Figure 2. Frequency distribution of AAE (for statistics: mean) over each GCM for raw model output and that after bias correction in December ((a) and (b)) and June ((c) and (d)). The numbers along the x-coordinate represent the corresponding GCMs, as described in Section 3.1. The y-coordinate denotes the AAE (unit: mm).
Download figure to PowerPoint
Figure 3. Frequency distribution of AAE (for statistics: variance) over each GCM for raw model output and that after bias correction in December ((a) and (b)) and June ((c) and (d)). The numbers along the x-coordinate represent the corresponding GCMs, as described in Section 3.1. The y-coordinate denotes the AAE (unit: mm2).
Download figure to PowerPoint
Analogous results can also be found in the adjustment of variance.

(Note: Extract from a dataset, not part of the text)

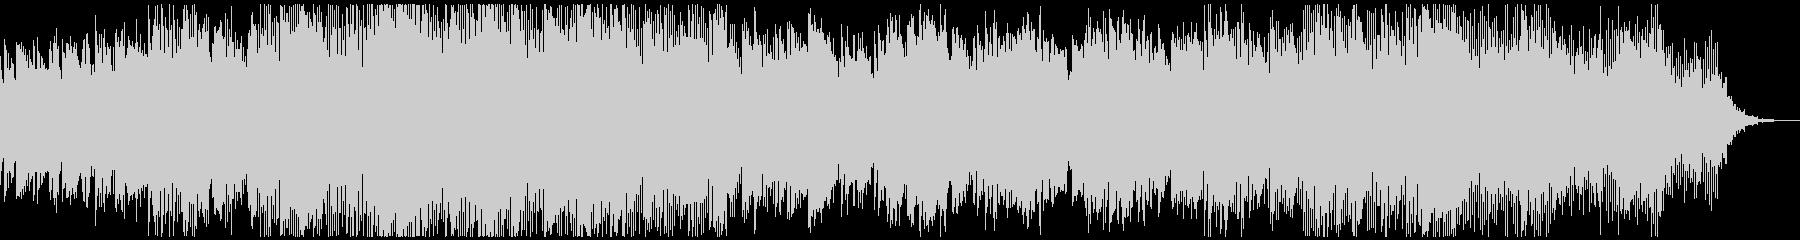 ワールドミュージック調チルアウトBGMの未再生の波形

As in Figure 2, only the comparisons in December and June are shown in Figure 3. Though the effect of bias correction is less pronounced in December, as shown in Figure 3(a) and (b), further inspection indicates that the frequency of biases greater than 500 mm2 after correction is reduced from 19% to 6% and approximately 85% of total grid cells show bias less than 250 mm2 compared with raw model output, with 69% correspondingly. In June, as displayed in Figure 3(c) and (d), as the frequency of biases less than 500 mm2 increases by 22% after bias correction, the remaining biases after applying EQCDF appear to cluster tightly in a narrower interval from 0 to 500 mm2. Finally, the equiratio CDFm provides consistent error reduction of variance across all GCMs. Not only the mean and variance discussed here, but also the systematic errors of skewness and kurtosis are remarkably reduced after performing equiratio CDFm (not shown). Additionally, it can be inferred that the geographical pattern of the bias-corrected fields based on equiratio CDFm will better reproduce the observations in view of the absolute error reduction.